Ready to expand my horizons, Greenfield suggested I try power yoga next. I've done it before, but am the first to admit I don't practice as often as I should-which she says is a mistake. "To be truly happy, you need your actions to have a higher purpose-it can't just be about getting in a workout for you," she says. "Power yoga could be a good fit because the athletic flow will push your limits, which makes your moon sign happy, but it also has a spiritual component that satisfies your sun sign." (Related: The Biggest Yoga Mistakes You're Making In Class)

So I headed to Lyons Den Power Yoga, which was new to me, but friend after friend has told me it's "life-changing" and the instructors are top-notch. I joined the Power Flow class, which involved a lot of strong, athletic sequences in a hot room (just the way I like it). The instructor was very encouraging-great for my action planet-and I paid attention to the motivational talk, but I'd be lying if I said I walked out of there feeling like this workout was any better or more "me" than the others.

Workout 4: Boxing

Powering through the second half of the week, it was time for another intense workout I know I enjoy-boxing. Instead of my go-to studio, Rumble, I decided to check out the Bags class at Everybody Fights. It's held in a gritty, more bare-bones facility, and the entire class is done with the lights off, which Greenfield said is another useful element for me. "Sensory deprivation really gets you to focus," she explains. "It requires extreme concentration, and your moon sign likes that." Couple that with boxing itself, a sport that requires discipline and extreme physicality-two more things my moon sign is into-and it felt like I really couldn't lose. (Related: The Boxing Yoga Mash-Up Workout for a Fierce Body and Calm Mind)

Unfortunately, I walked out not loving this class and, as much as I hate to admit it, it's really only because I didn't love the instructor. The class itself was tough and similar to other bag-focused boxing classes I've taken, but I was in the back corner of the room and wasn't approached by the instructor for guidance or encouragement. As I took off my wraps, it really hit home how much this instructor thing made a difference for me. I vowed to take another class at Everybody Fights before writing it off, though-and a week later, I tried the Train class and the experience was like night and day from the first class. So, for me, Greenfield had really sold me on the instructor strategy.

Workout 5: Charity Spin Class

While chatting about different ways I could fulfill my need for workouts that have a "bigger meaning," Greenfield and I quickly realized that charity fitness events were the way to my heart. Whether I'm raising funds for the Alzheimer's Association during a 50-mile bike ride or running a 5K to support the Susan G. Komen Foundation for breast cancer, I'm way more likely to sign on the dotted line if my money and hard work are going toward a good cause. As luck would have it, during this weeklong experiment there was a cycling class led by an instructor I love where registration fees would go toward helping victims of Hurricanes Harvey and Irma.

I always like to push it in spin-the low lights, loud music, and ability to close my eyes when needed really help on the sensory deprivation front, says Greenfield, whereas the sprint intervals and hills hit my craving for intensity.
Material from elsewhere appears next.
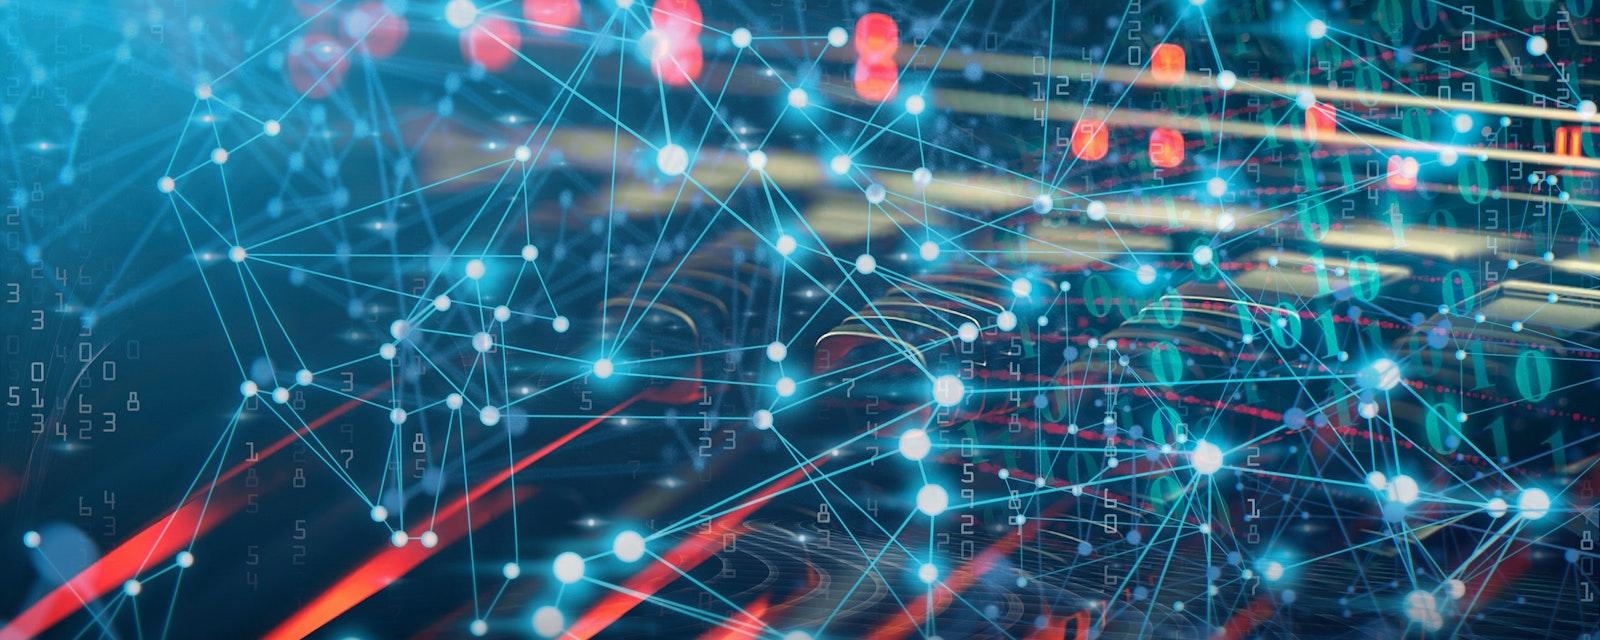 Block,Chain,,Security,System,,Data,Transformation,,Big,Data,,Iot,,Data

But in that class, I hit the trifecta. At one point, the music peaked and the instructor told us to crank the resistance once more, reminding us of who we were doing this for. Thinking about the victims who had lost everything, I turned my dial as high as I could possibly manage. It felt like I was pedaling through quicksand, but I didn't care-it truly felt like I was no longer riding for me, but to be strong for them. I didn't care about the miles I covered or the number of calories I burned-just as Greenfield told me to do, I had found a way to work out with a higher purpose. And it meant more to me than all the other workouts combined.